EXERCISE DETAILS – From the records below, transcribe only the lines running from the one with "City guide Italie" through the one with "Donic Socks Etna". Keep both of those end lines.

EXTRACTED MATERIAL –
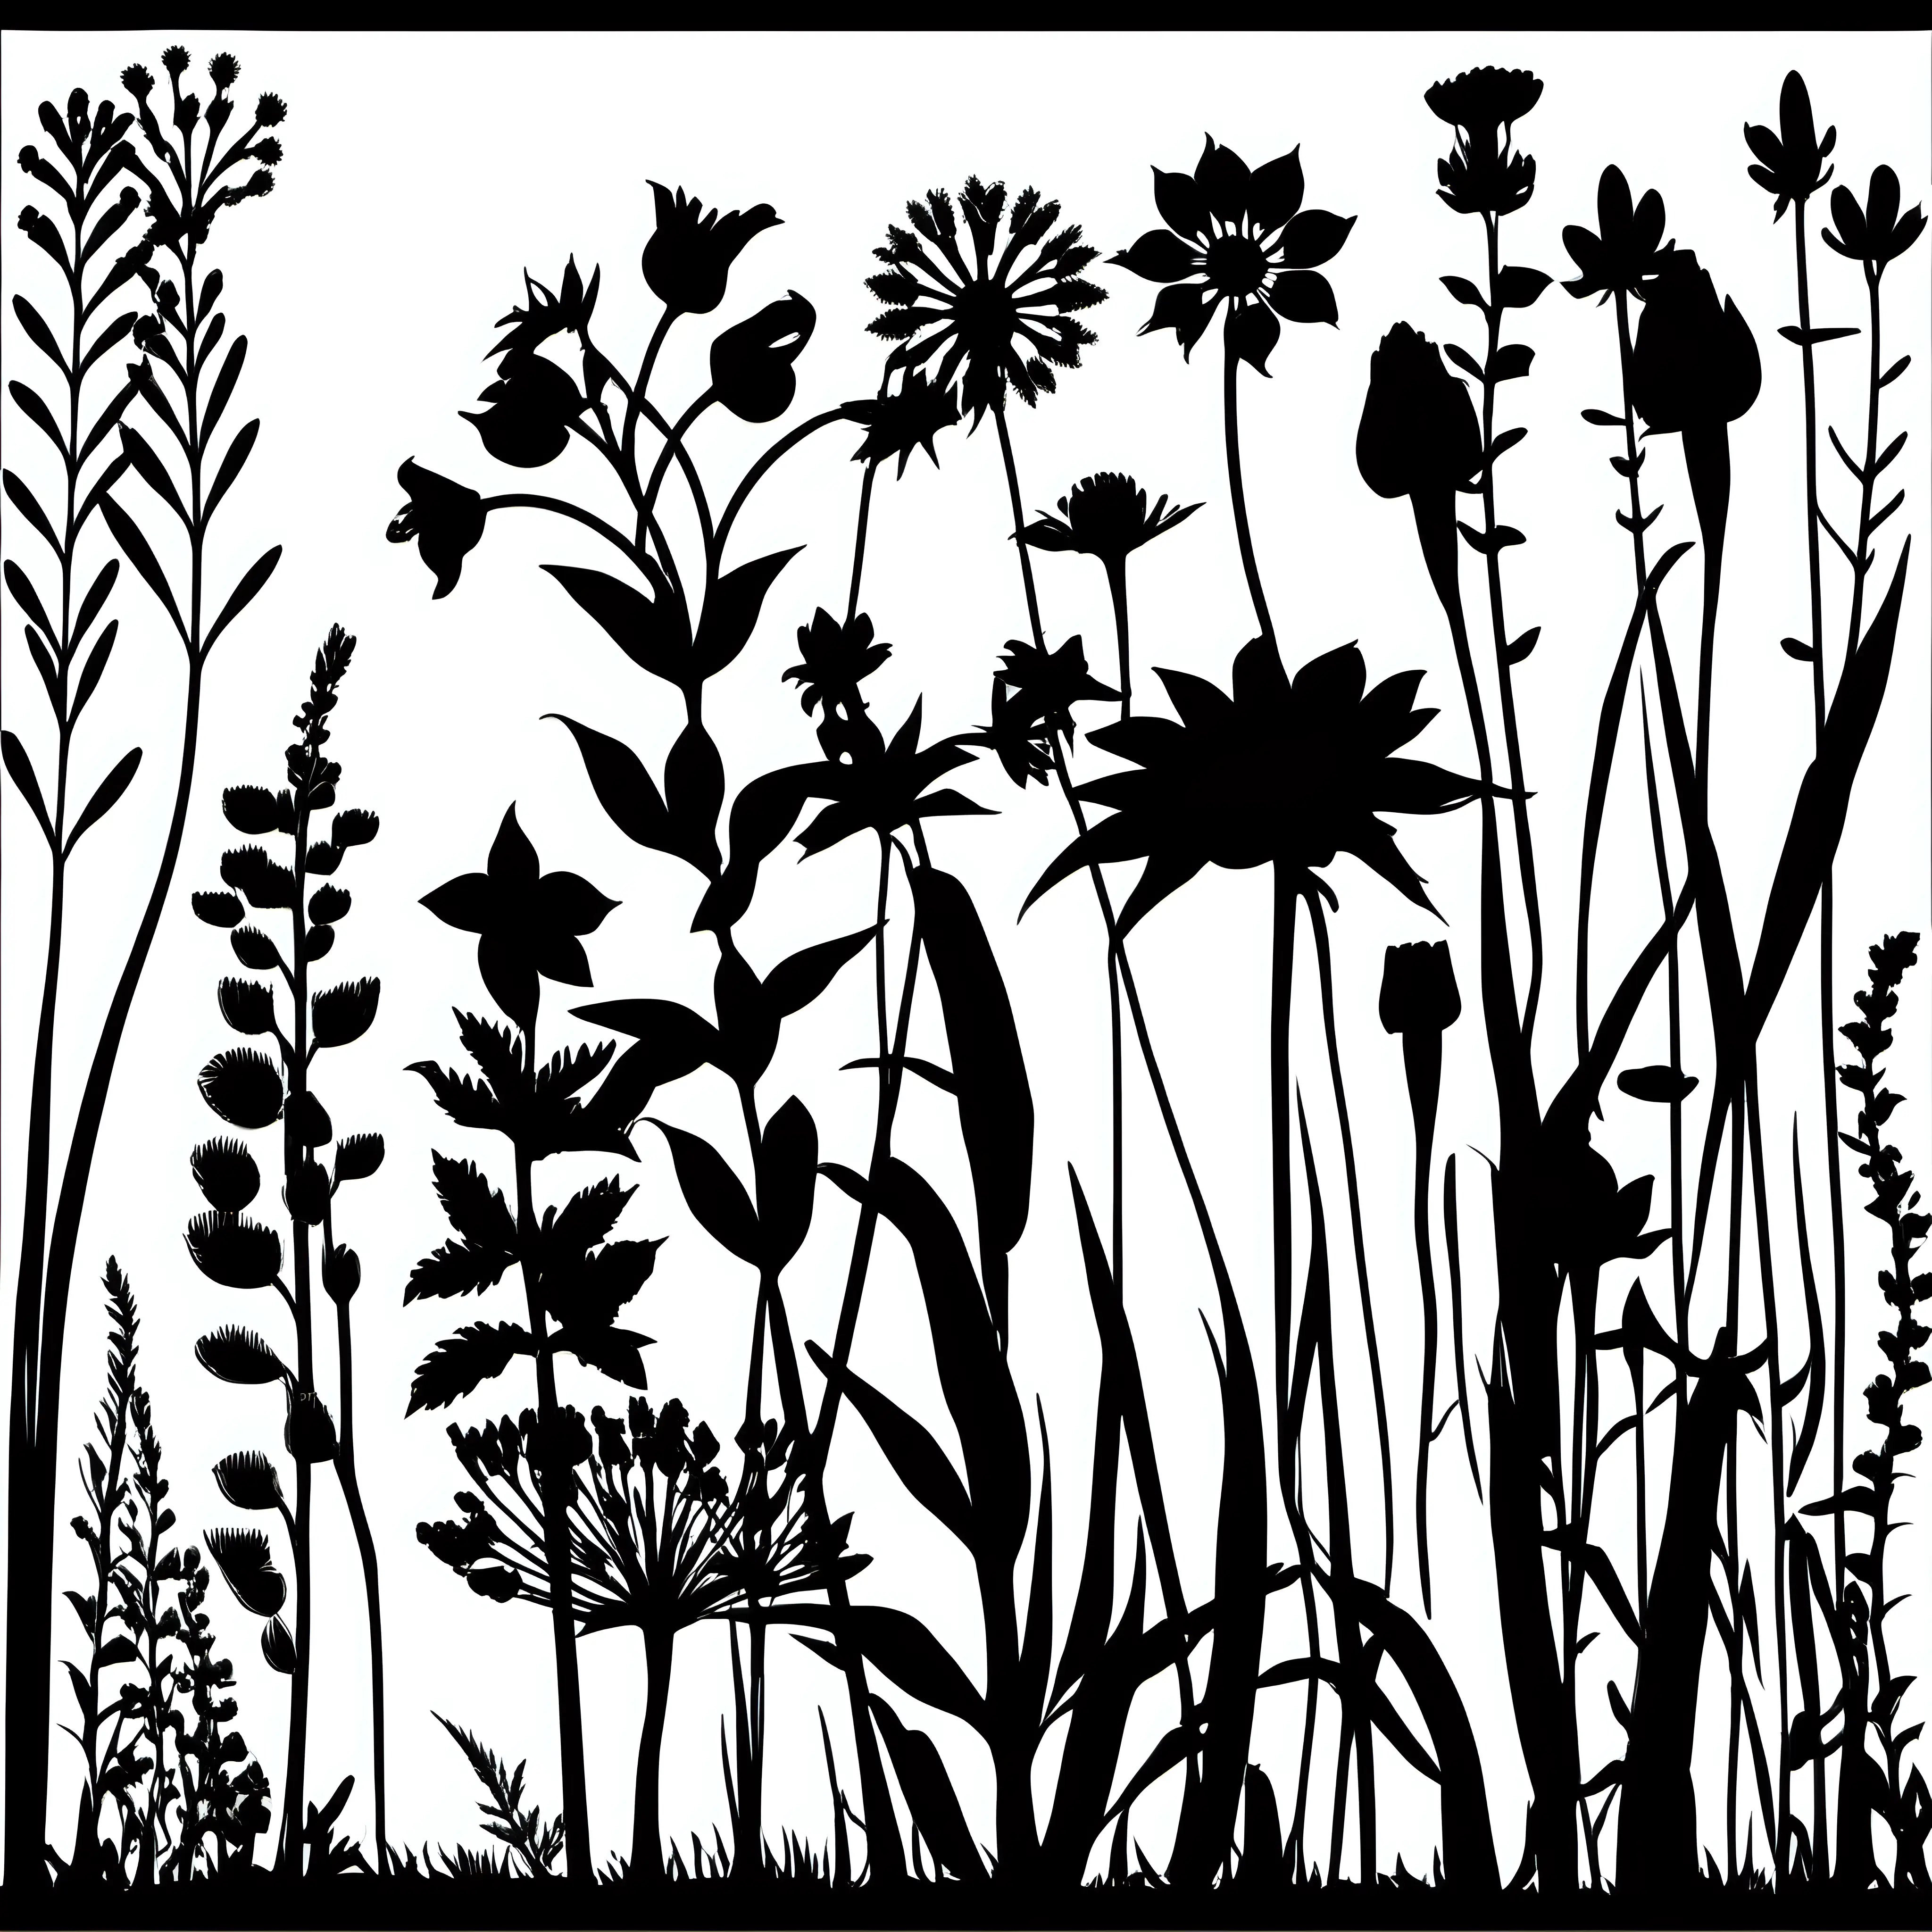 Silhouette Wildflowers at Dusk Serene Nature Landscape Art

---

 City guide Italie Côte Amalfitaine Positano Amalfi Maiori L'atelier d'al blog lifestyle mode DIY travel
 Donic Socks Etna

* * *

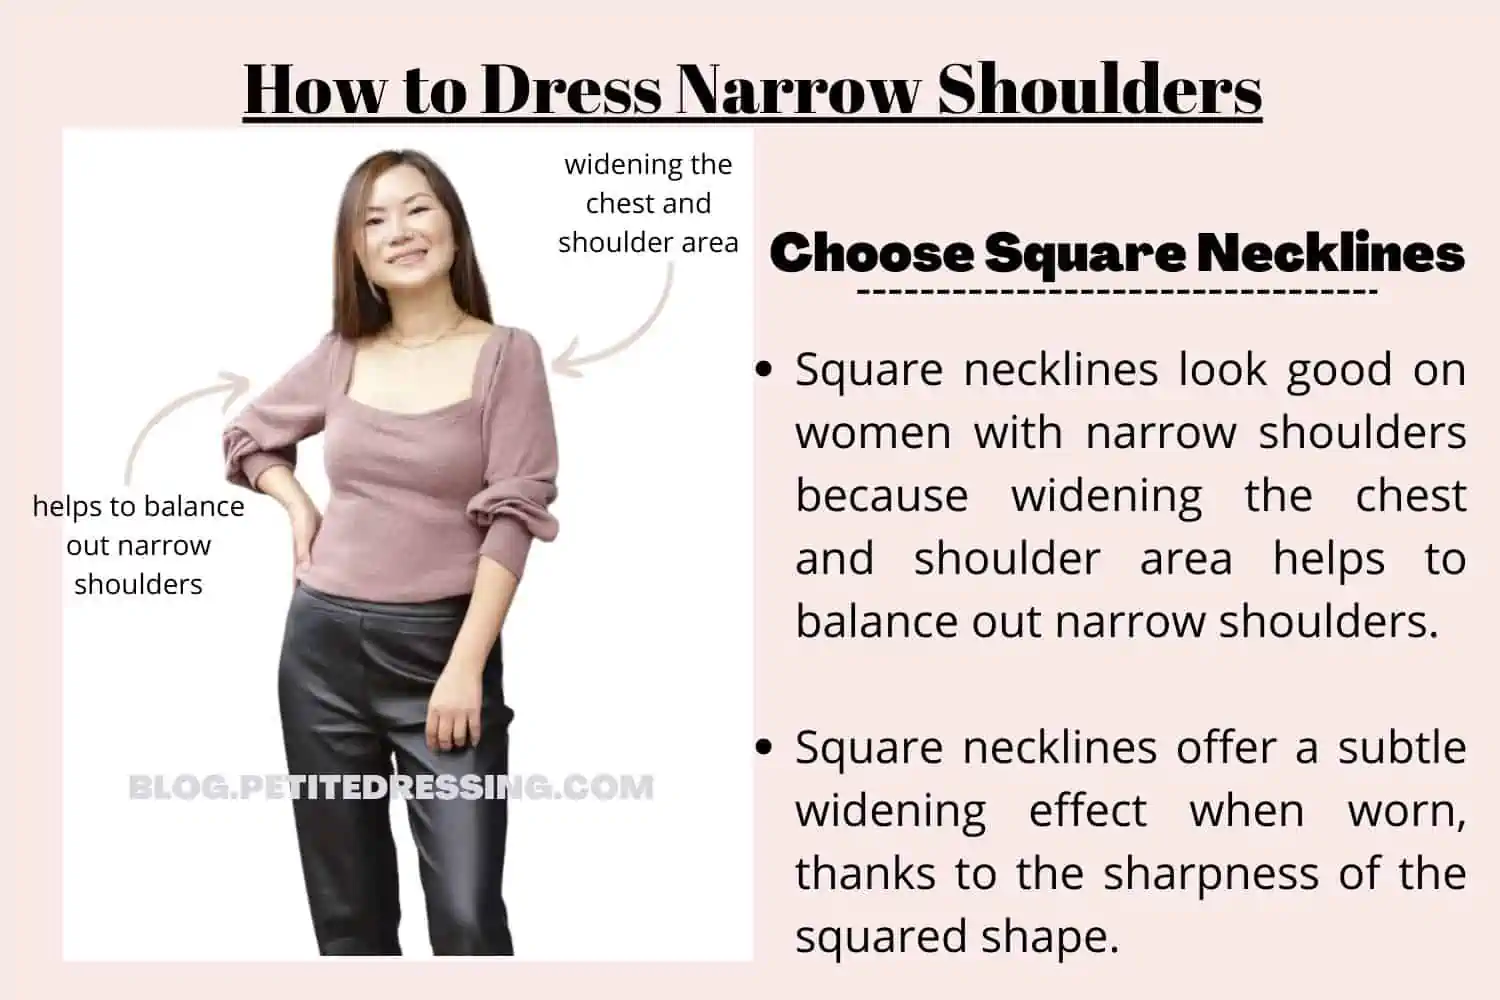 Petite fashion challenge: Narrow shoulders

TASK RESULT –
 City guide Italie Côte Amalfitaine Positano Amalfi Maiori L'atelier d'al blog lifestyle mode DIY travel
 Donic Socks Etna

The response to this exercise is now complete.